Action item:
Beginning with the line that holds "Girona 2 - 1", copy every remaining line of the listing below exactly, and leave the pictures out.

Given material:
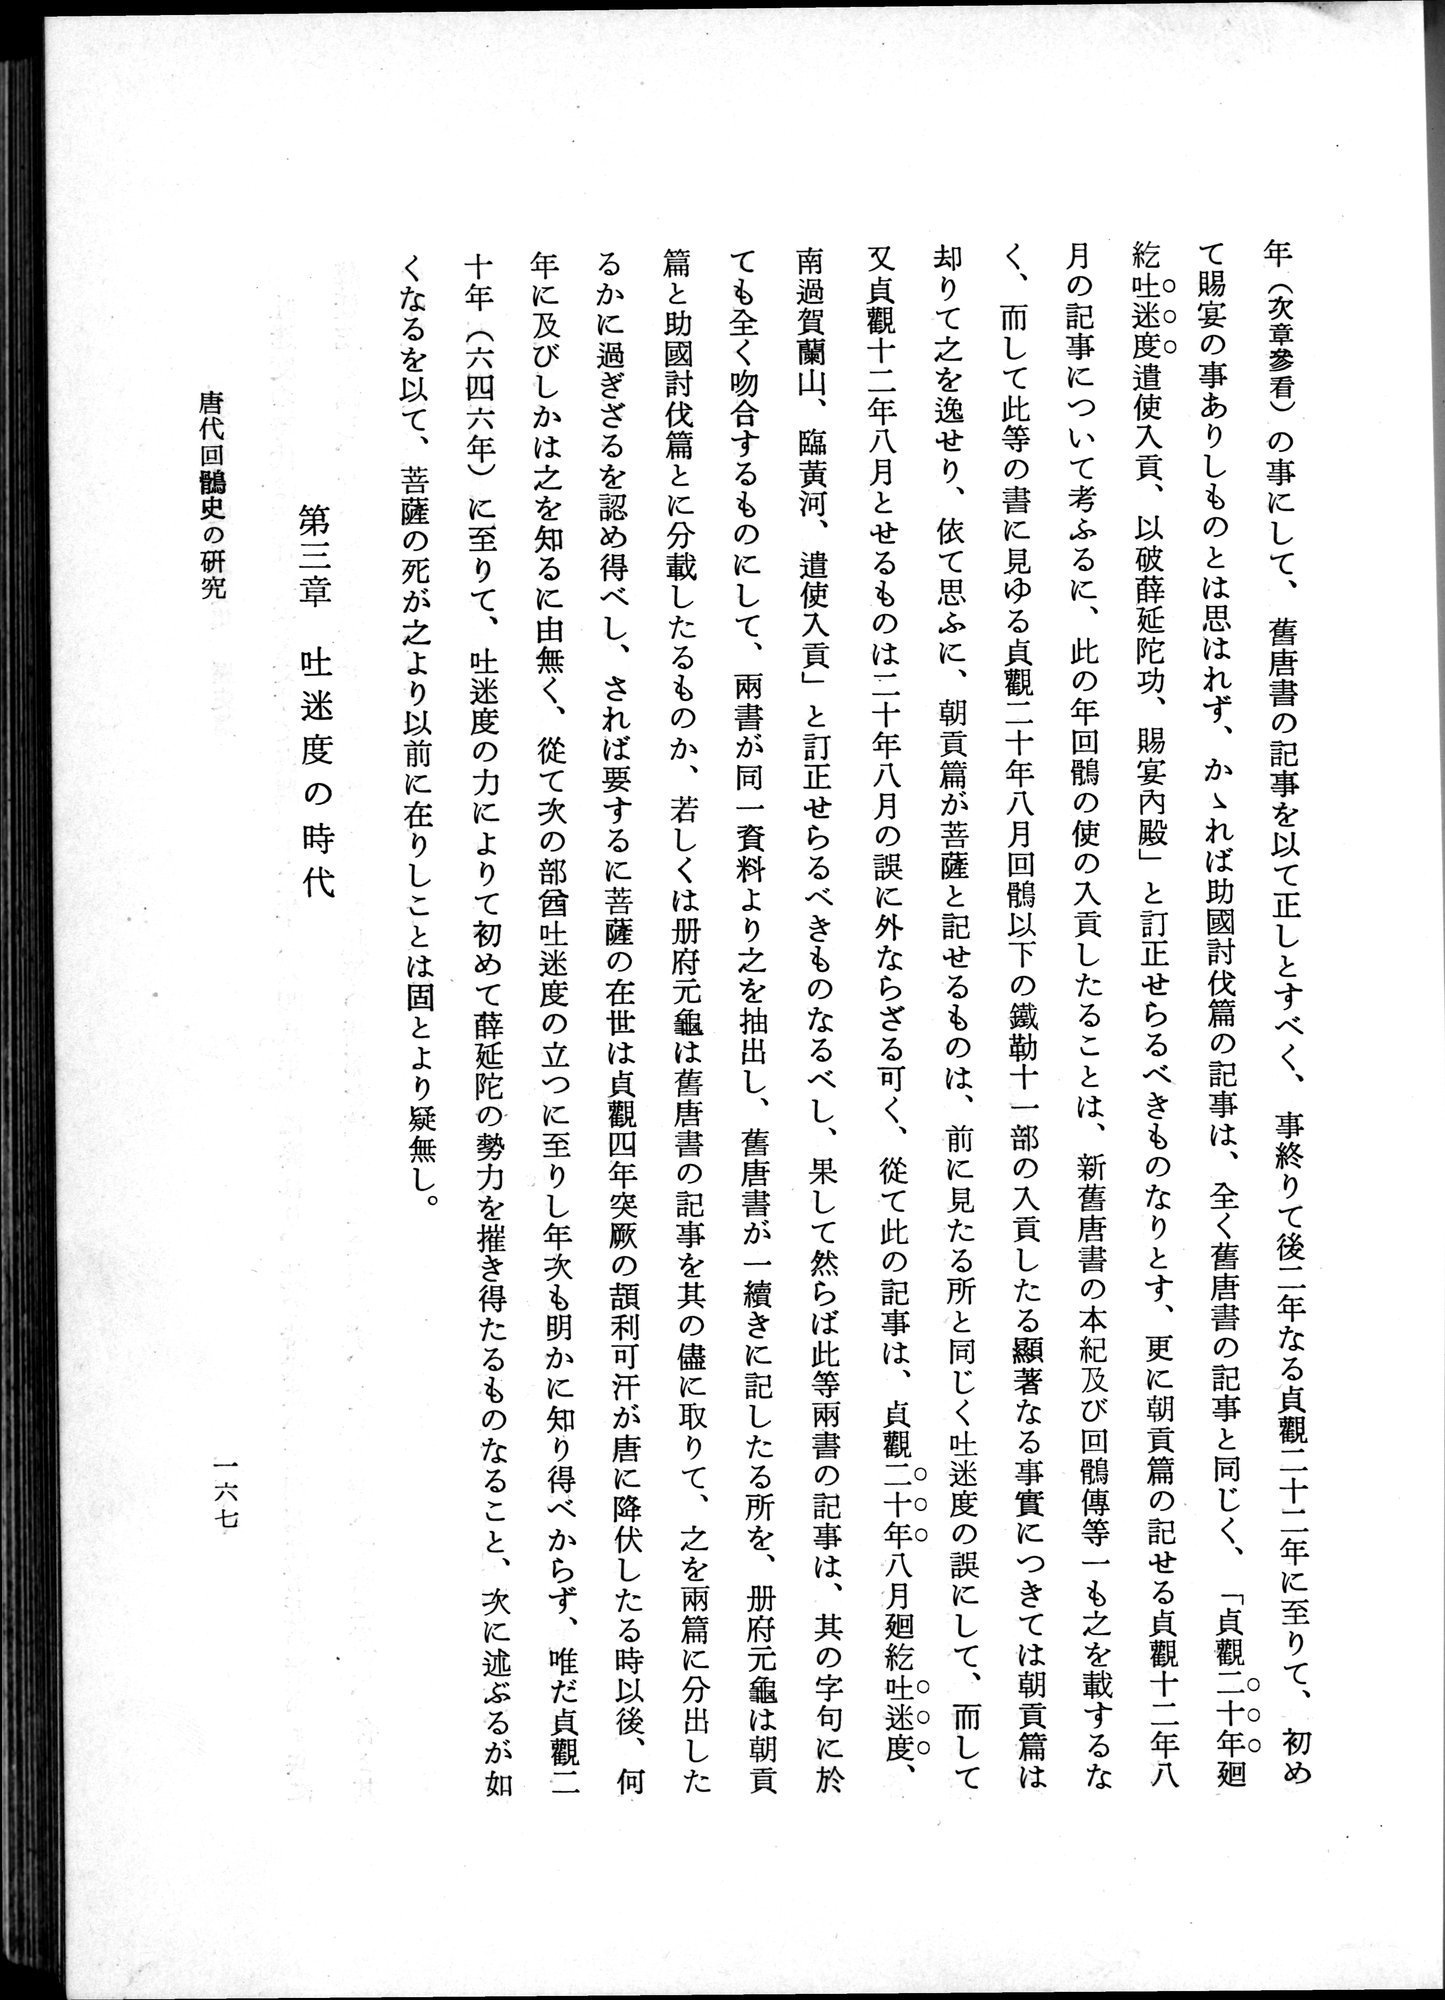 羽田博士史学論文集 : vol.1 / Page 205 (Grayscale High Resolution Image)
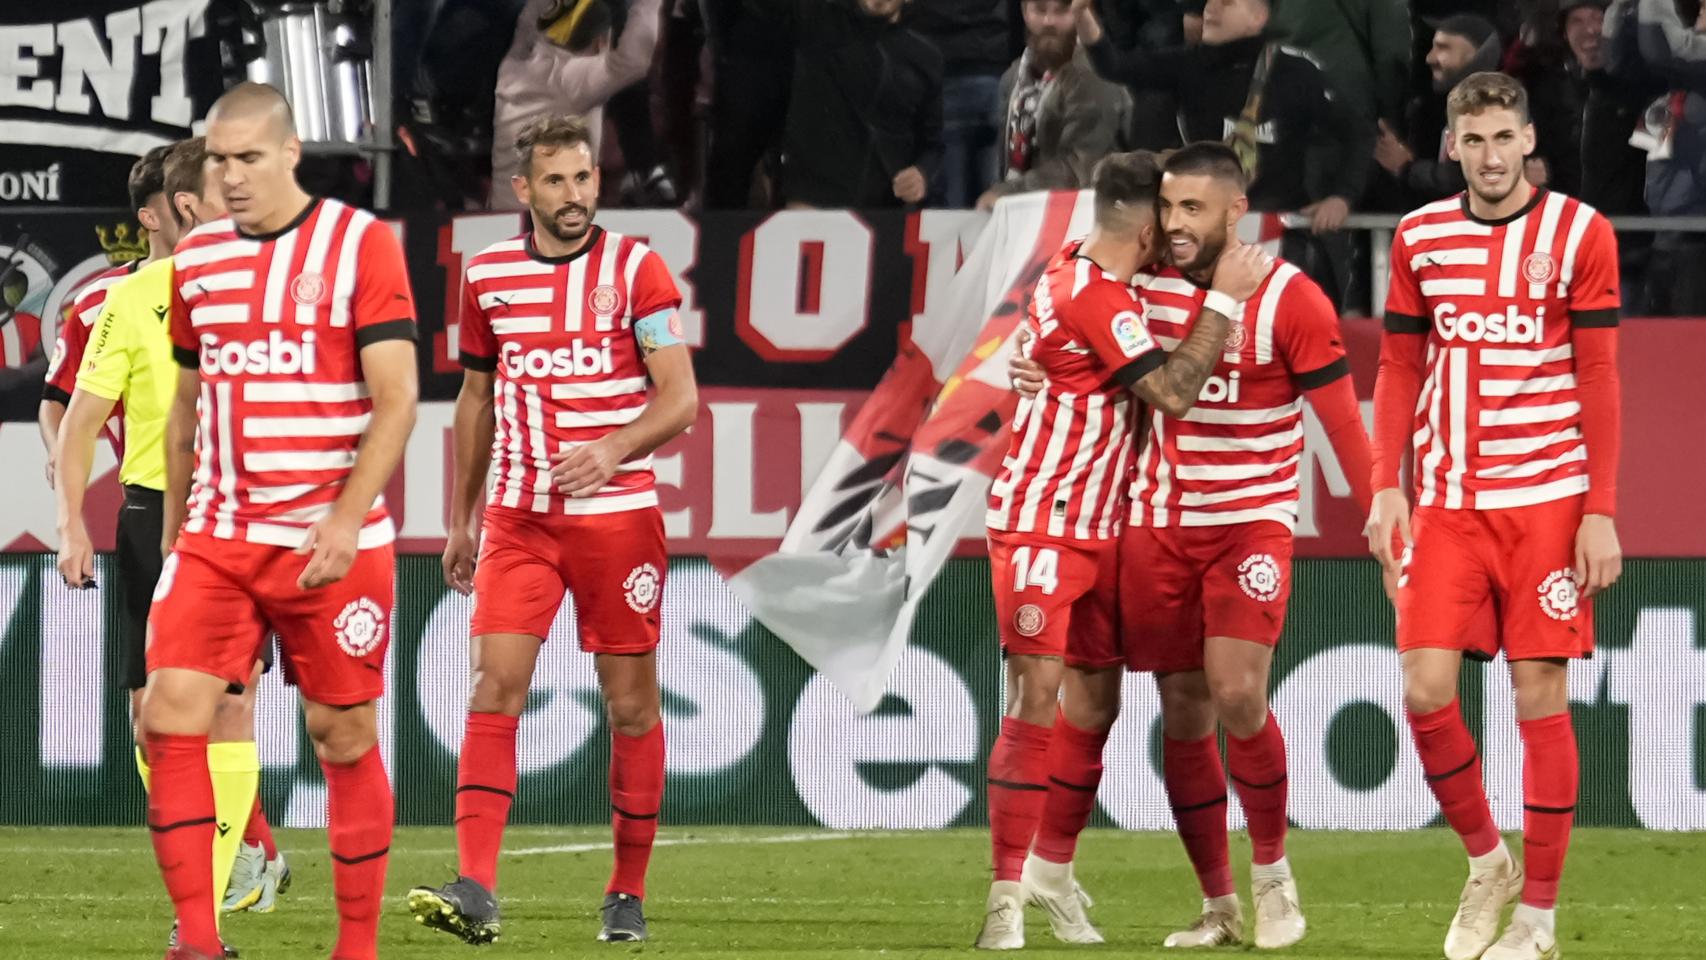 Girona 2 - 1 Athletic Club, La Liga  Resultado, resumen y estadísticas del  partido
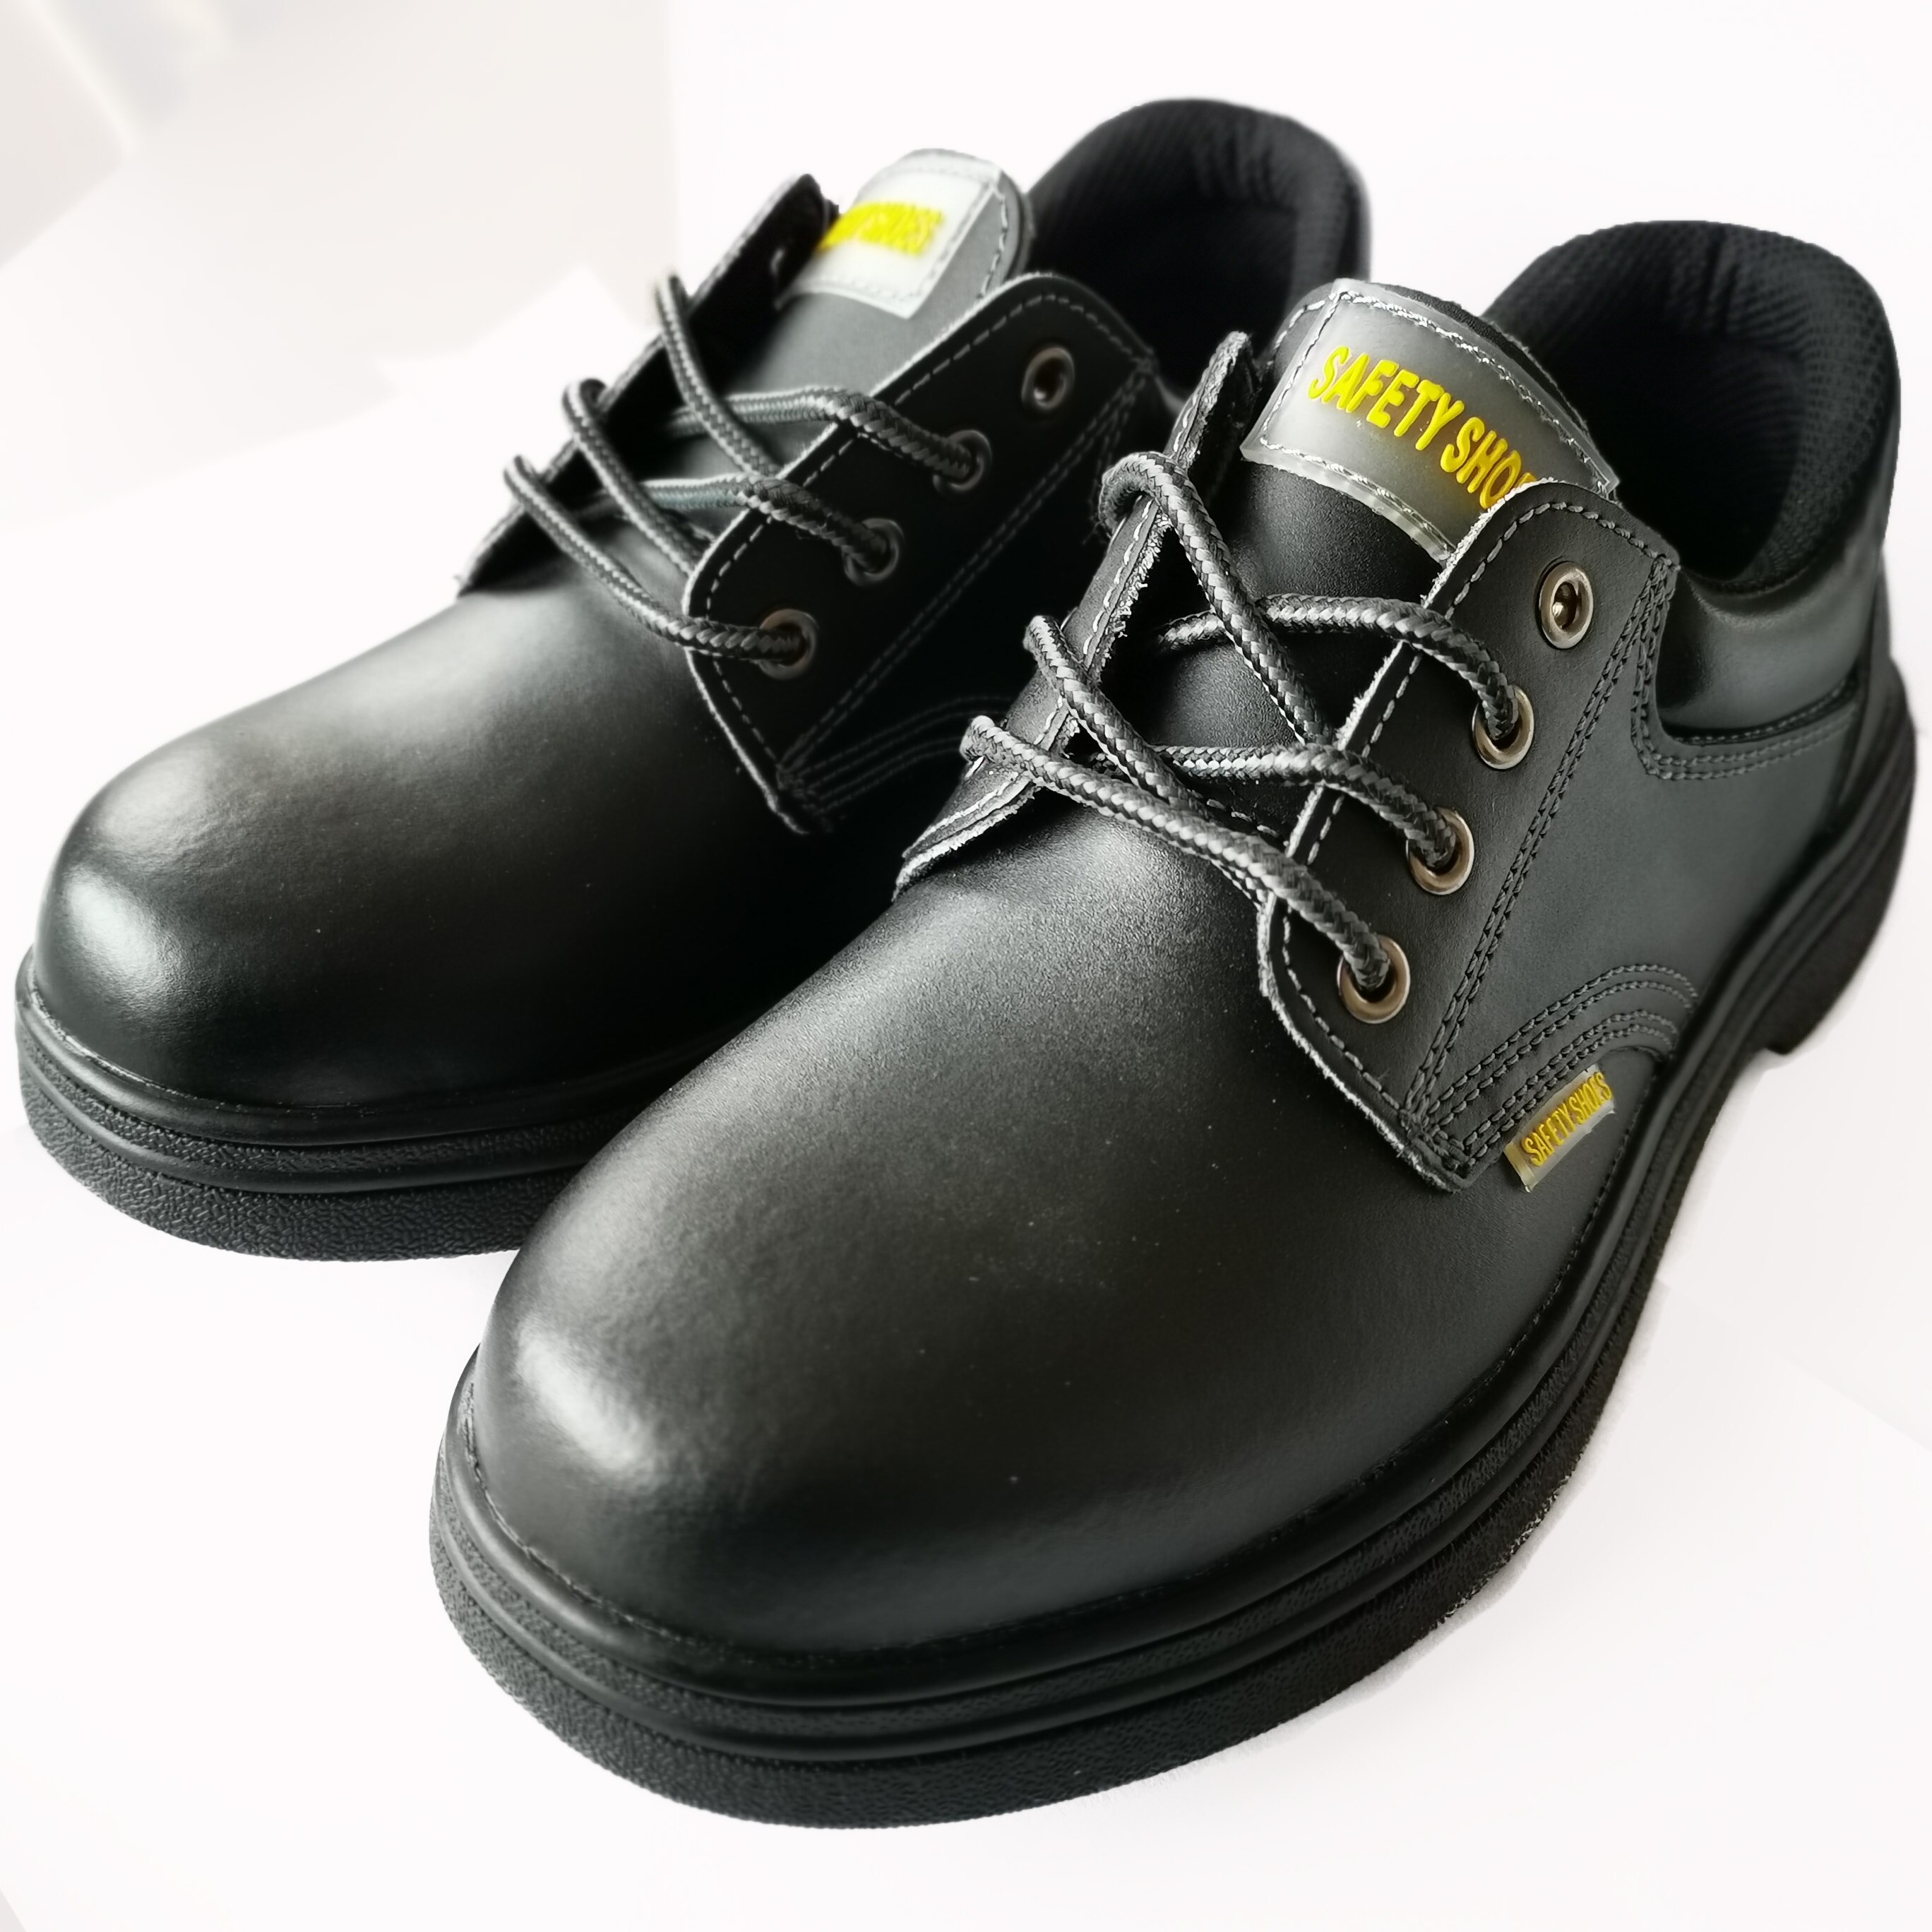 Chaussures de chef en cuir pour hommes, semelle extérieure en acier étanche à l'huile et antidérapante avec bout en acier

Exercise solution:
 Girona 2 - 1 Athletic Club, La Liga  Resultado, resumen y estadísticas del  partido
 Chaussures de chef en cuir pour hommes, semelle extérieure en acier étanche à l'huile et antidérapante avec bout en acier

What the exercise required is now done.